Нет, разумеется, Римини этого не понимал. Он вообще в то время мало что понимал и мало что воспринимал. Ему не было дела до того, горит или погашен свет в комнате, одет он сам или раздет, находится в помещении один – или рядом с ним есть еще кто-то. Сам того не заметив, он достиг состояния полного самозабвения, которого буддистские монахи-отшельники добиваются годами, если не десятилетиями медитации, и ради того, чтобы посмотреть на этих избранных, поклонники восточной философии готовы платить большие деньги – за перелет и экскурсию к древним монастырям. Римини почти перестал выходить на улицу; внешний мир – в частности, отраженный в телевидении, газетах и радио – перестал для него существовать, превратившись в смутные воспоминания, словно имплантированные в его полупустое сознание. Под «внешним миром» Римини теперь понимал тот набор предметов и явлений, с которыми имел дело, не выходя из квартиры: прежде всего, одежда, в которой он проводил дни и ночи, – отцовская футболка, штаны от полосатой пижамы и пара старых шерстяных носков – из дырок торчали отросшие ногти больших пальцев; один-два выключателя, к помощи которых он все-таки время от времени прибегал для того, чтобы осветить комнату, где в тот момент находился; вода – то количество, которое необходимо ровным счетом для питья, но никак не для гигиенических процедур; минимум продуктов – сосиски, растворимое картофельное пюре, яичница да ментоловый шоколад: десятки коробок в кухонном шкафу и сотни плоских пакетиков из фольги, по расположению которых в квартире отец мог безошибочно проследить траекторию движения Римини за целый день, – перемещаясь, тот оставлял за собой россыпь этих конвертиков; вечно разложенный диван-кровать, на котором Римини проводил практически все время; простыни и одеяла; подушка, которую он обнимал по ночам… Даже письмо Софии, которое доказывало, что вокруг была какая-то жизнь – вмещавшая и потерянный им мир с дорогими ему существами, и сам этот листочек из школьной тетради, – было для него чем-то более внутренним, чем его собственные мысли, чем привкус во рту и урчание, которое издавал его голодный желудок.

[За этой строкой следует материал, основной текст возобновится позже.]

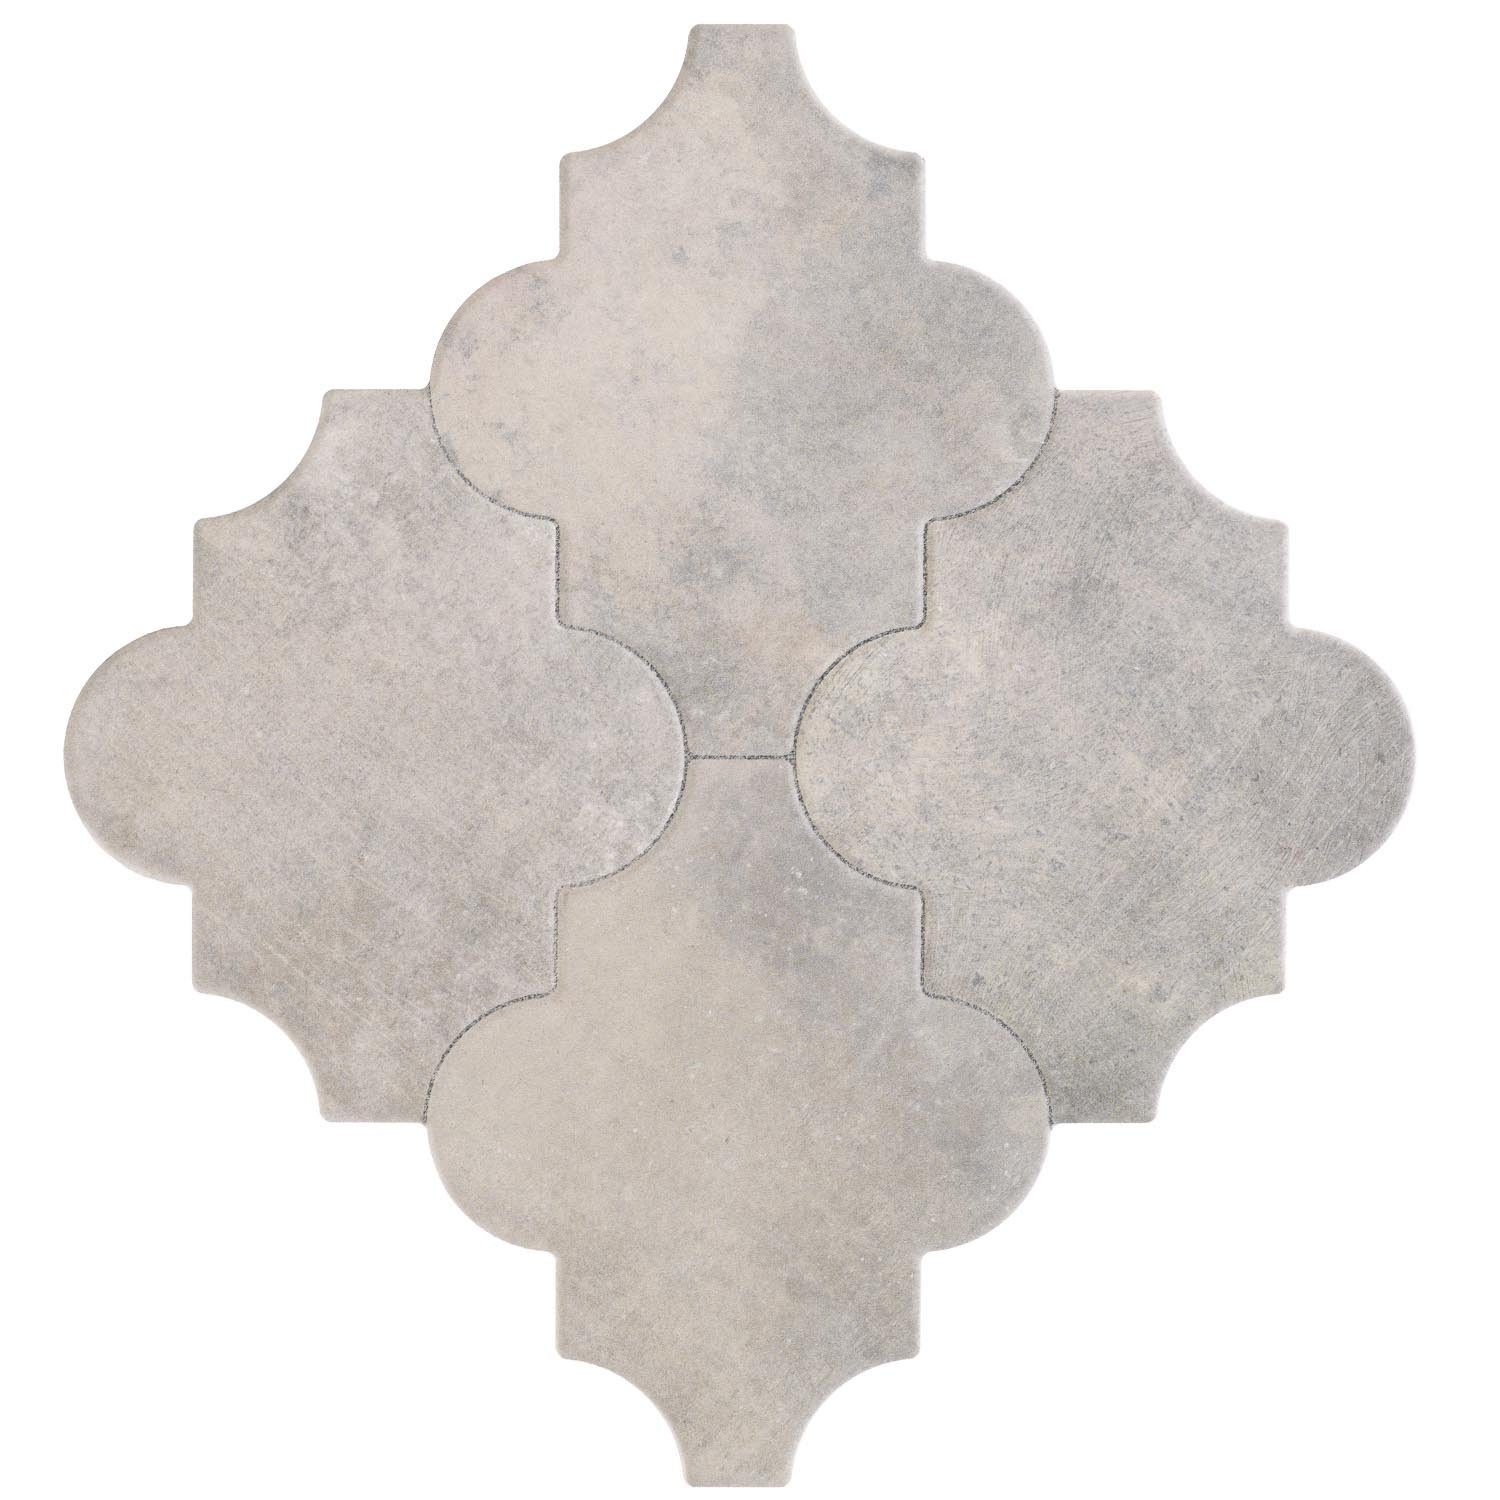 Keramikfliesen, Boden Casa 1m² Fliesen mit Bodenfliese 45x45, Bunt, Orientalische Keramik Marokkanische FL2037 Form & Risha Arabesque und Wand, für Moro Betonoptik,

Внутренний мир Римини не то чтобы неожиданно сузился, но и нельзя сказать, чтобы стал богаче; дело заключалось в том, что сам Римини в то время был неким внутренним миром. Впрочем, вовсе не было очевидно, что этот мир был его.

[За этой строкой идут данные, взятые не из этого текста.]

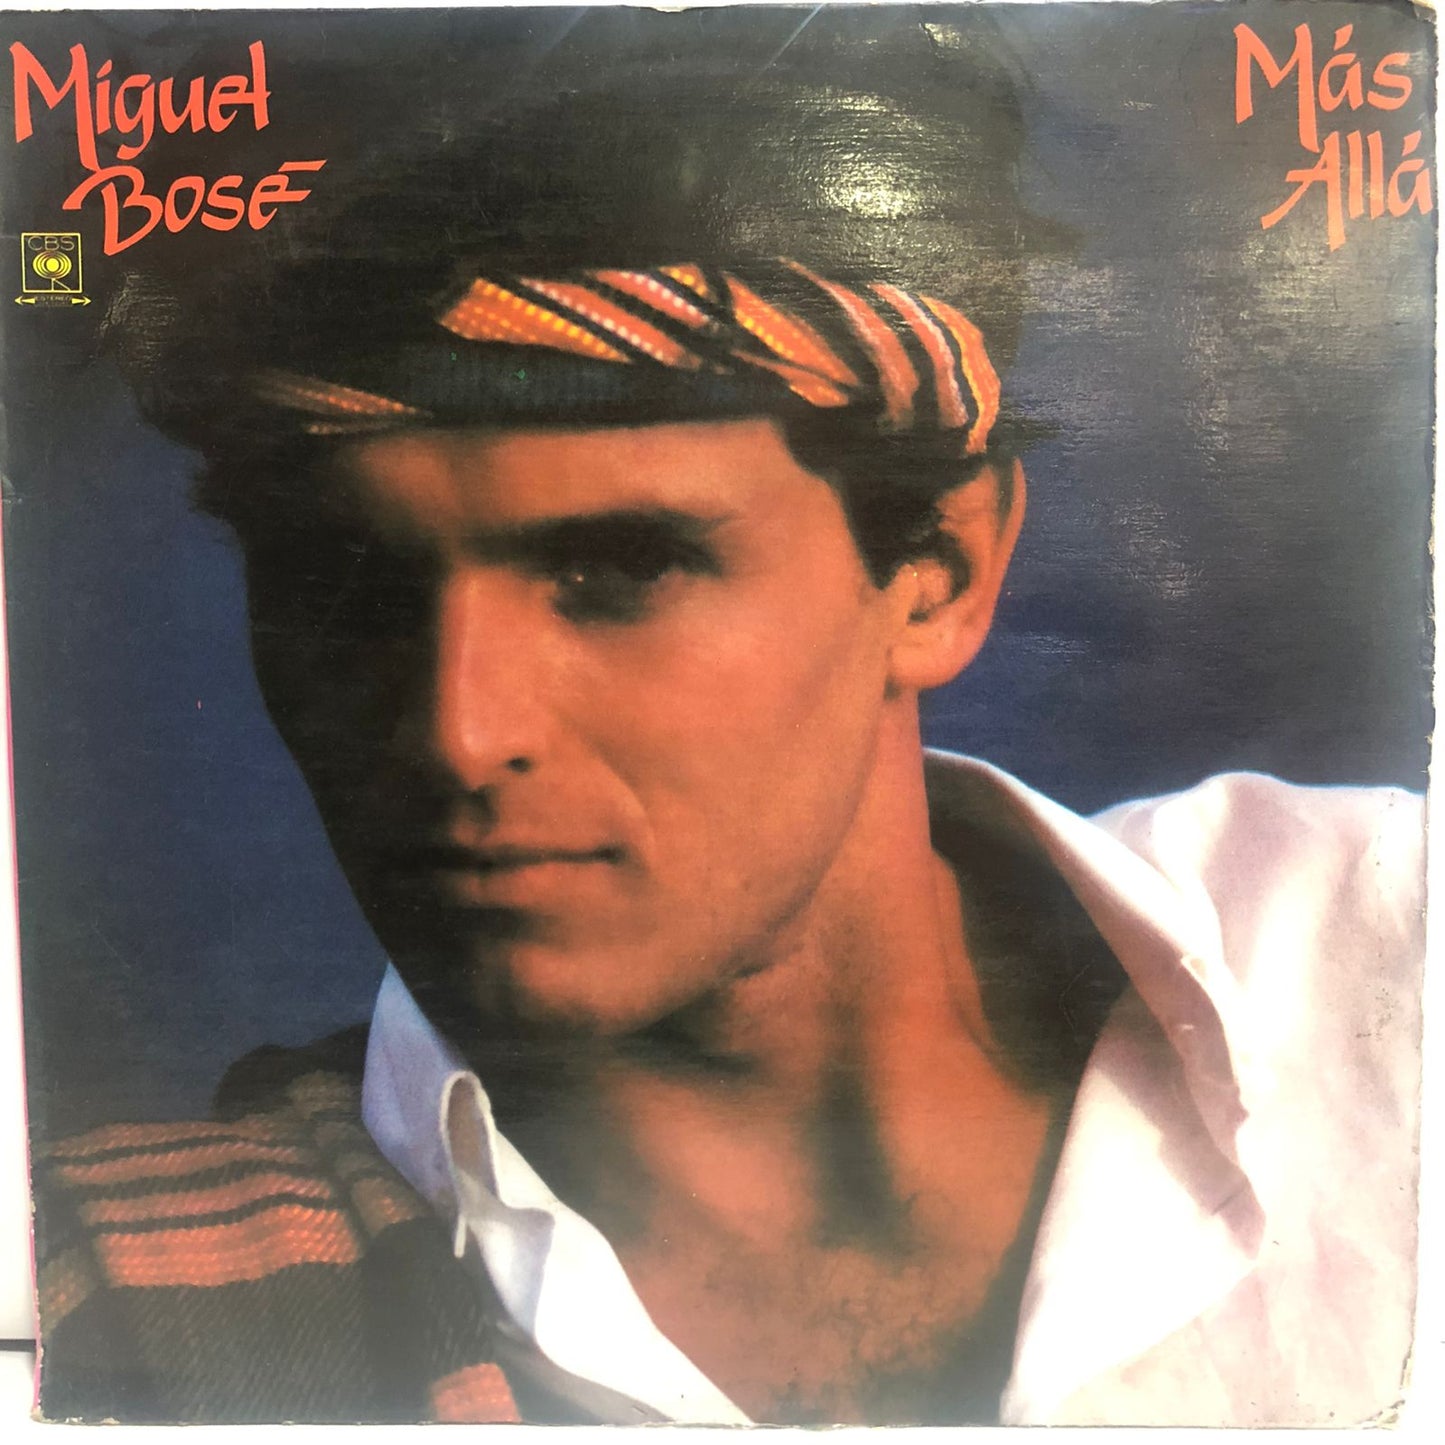 MIGUEL BOSE - MAS ALLA LP

Отец Римини нашел, как ему казалось, единственно возможное средство, с помощью которого можно было вывести сына из этого состояния. Он полагал, что тому требуется срочная инъекция внешнего мира, сильная, но точно рассчитанная – любая ошибка в дозировке или интенсивности лечения могла оказаться роковой; Римини был практически беззащитен, и столкнуть его с внешним миром лицом к лицу без контроля было равносильно тому, чтобы оставить младенца-альбиноса на солнце в жаркий летний полдень. В этом отношении план, включавший в себя переезд в Уругвай, казался отцу Римини просто идеальным. Он решил, что выставит свою квартиру на продажу; Римини останется жить в ней и будет показывать ее потенциальным покупателям – отец же тем временем начнет подыскивать себе подходящее жилье в Монтевидео. Две сделки требовалось синхронизировать, причем проводить их предстояло на двух разных рынках, несомненно имевших много различий как в оформлении документов, так и в конъюнктуре оценки объектов недвижимости; в любом случае процесс должен был затянуться как минимум месяца на два – этого, как казалось отцу Римини, будет достаточно для того, чтобы его сын, вынужденный взаимодействовать с потенциальными покупателями, стал восстанавливать контакт с внешним миром. Потенциальные клиенты были в этом смысле просто идеальными посредниками: чужие незнакомые люди, с которыми нужно просто вежливо пообщаться, передать им информацию, и все – никаких обязательств. Таким образом Римини должен был получать в гомеопатических дозах живительное излучение извне, которое в любой другой дозировке его бы убило. Отец не собирался выставлять Римини на улицу, но и не желал поддерживать сына в его стремлении замкнуться в себе окончательно; он полагал, что за пару месяцев Римини окрепнет и придет в сносную форму, то есть по крайней мере сможет подыскать себе какую-нибудь работу, – и тогда, с отцовской финансовой помощью, ради чего отец готов был умерить свои запросы к недвижимости в Монтевидео, он смог бы вернуться к самостоятельному существованию, арендуя какое-нибудь скромное жилище.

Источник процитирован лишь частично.